A primavera como melhor época de observação
A análise das estações do ano tem um papel importante no mapeamento. No inverno, os ouriços hibernam e os registos são raros. Assim que as temperaturas sobem na primavera, acordam, procuram alimento e parceiros - e passam a ser vistos com muito mais frequência.
Por isso, a primavera e o início do verão são considerados a principal época para registos. Quem estiver de férias em França e sair ao crepúsculo tem agora as melhores hipóteses de ver um ouriço à beira do caminho, por exemplo em zonas de casas de férias com jardins ou em caminhos rurais tranquilos.
Como também se pode ajudar - mesmo a partir do espaço germanófono
A plataforma da France Nature Environnement continua aberta e novos registos são expressamente bem-vindos. Quem vive em França, se desloca regularmente ao país ou lá passa férias com frequência pode inserir observações online.

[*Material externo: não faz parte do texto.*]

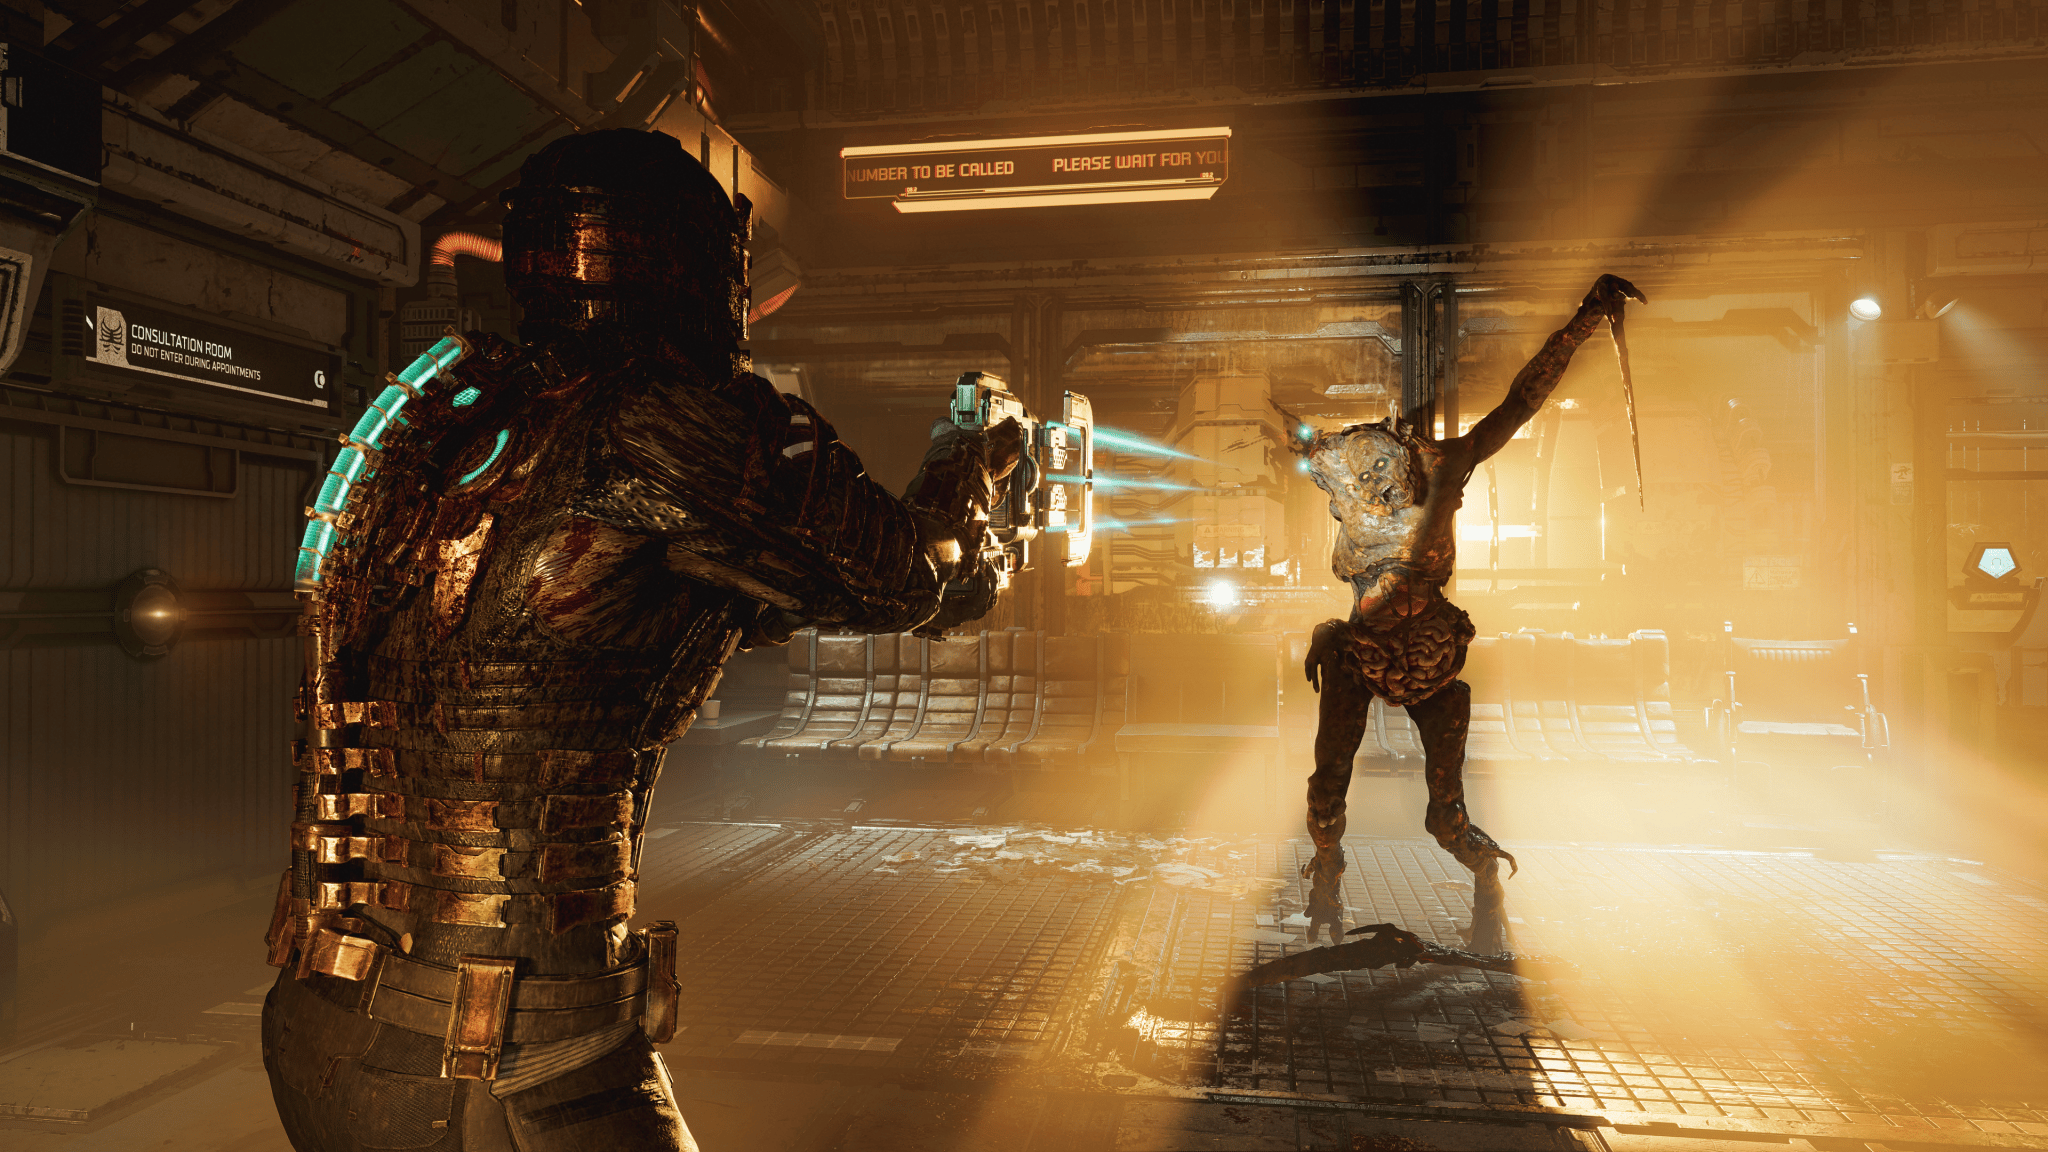 Dead Space Remake Reveals New Walkthrough Trailer Emphasizing Changes & Ambitious Vision

O essencial é indicar o local, a data e se o animal foi encontrado vivo ou morto.
Para as leitoras e os leitores do espaço germanófono, o projeto tem ainda uma segunda dimensão: muitos dos problemas que afetam os ouriços são semelhantes em toda a Europa Central. As conclusões obtidas em França podem ser facilmente aplicadas noutros contextos. Quem quiser tornar o jardim mais favorável ao ouriço pode apostar em medidas simples:
- Sebes e montes de folhas em vez de canteiros totalmente “arrumados”
- Aberturas na vedação do jardim para que os ouriços possam passar de um terreno para outro
- Cuidado ao usar robots corta-relva, sobretudo ao crepúsculo
- Não usar granulado anti-lesmas e reduzir ao mínimo os venenos no jardim
- Rampas de saída pouco inclinadas em lagos e piscinas
Quem deixa algumas zonas mais selvagens no seu jardim cria precisamente as estruturas de que os ouriços precisam - em França como na Alemanha.
O que este mapa pode mudar a longo prazo
Os dados recolhidos oferecem uma base para influenciar decisões políticas e de planeamento. Os municípios podem, por exemplo, assegurar que corredores verdes e sebes são preservados em novos loteamentos. Os projetos rodoviários podem ser complementados com passagens ou ecodutos, para que os pequenos mamíferos não tenham de atravessar o asfalto em todas as deslocações.
Além disso, o mapa permite acompanhar tendências ao longo dos anos: se o número de registos cair continuamente em determinadas regiões, isso aponta para problemas crescentes - como mais trânsito, menos insetos ou maior impermeabilização do solo. Se os números aumentarem, isso poderá indicar que as medidas de proteção ou uma maior consciência pública estão a dar resultados.
Porque é que os projetos cidadãos para a fauna selvagem são tão valiosos
Projetos como o mapa francês do ouriço mostram como pode funcionar hoje uma conservação da natureza eficaz: a ciência fornece os métodos, enquanto os cidadãos assumem grande parte da recolha de dados. Desta forma, criam-se conjuntos de dados que equipas profissionais, sozinhas, dificilmente conseguiriam reunir - nem em termos financeiros nem humanos.
Ao mesmo tempo, participar aguça o olhar sobre o meio envolvente. Quem já encontrou uma cria de ouriço à beira da estrada ou viu pegadas num túnel de jardim conduz com mais atenção, corta a relva com maior cuidado e fala com os vizinhos sobre cercas abertas e recantos mais naturais. O efeito vai muito além do próprio mapa.
Para o ouriço-cacheiro em França, este novo mapa torna-se assim uma ferramenta dupla: mostra onde este pequeno insetívoro ainda consegue resistir relativamente bem - e evidencia onde políticos, autarquias e cidadãos terão de agir para que este ícone espinhoso dos jardins não desapareça em silêncio.